Set down exactly the lines that run from the line with "Bay foal with" to the end of the data, and nothing else.

Records from a dataset:
=-=-=

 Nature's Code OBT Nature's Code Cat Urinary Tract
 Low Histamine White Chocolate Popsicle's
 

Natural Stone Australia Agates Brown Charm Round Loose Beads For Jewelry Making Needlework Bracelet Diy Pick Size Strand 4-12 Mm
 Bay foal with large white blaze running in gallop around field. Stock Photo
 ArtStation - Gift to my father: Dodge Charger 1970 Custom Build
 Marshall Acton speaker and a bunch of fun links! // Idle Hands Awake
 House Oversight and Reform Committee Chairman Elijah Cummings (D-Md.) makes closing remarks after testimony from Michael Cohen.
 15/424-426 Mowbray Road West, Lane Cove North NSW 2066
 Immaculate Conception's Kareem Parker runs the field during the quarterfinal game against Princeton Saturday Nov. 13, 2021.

=-=-=

Answer section:
 Bay foal with large white blaze running in gallop around field. Stock Photo
 ArtStation - Gift to my father: Dodge Charger 1970 Custom Build
 Marshall Acton speaker and a bunch of fun links! // Idle Hands Awake
 House Oversight and Reform Committee Chairman Elijah Cummings (D-Md.) makes closing remarks after testimony from Michael Cohen.
 15/424-426 Mowbray Road West, Lane Cove North NSW 2066
 Immaculate Conception's Kareem Parker runs the field during the quarterfinal game against Princeton Saturday Nov. 13, 2021.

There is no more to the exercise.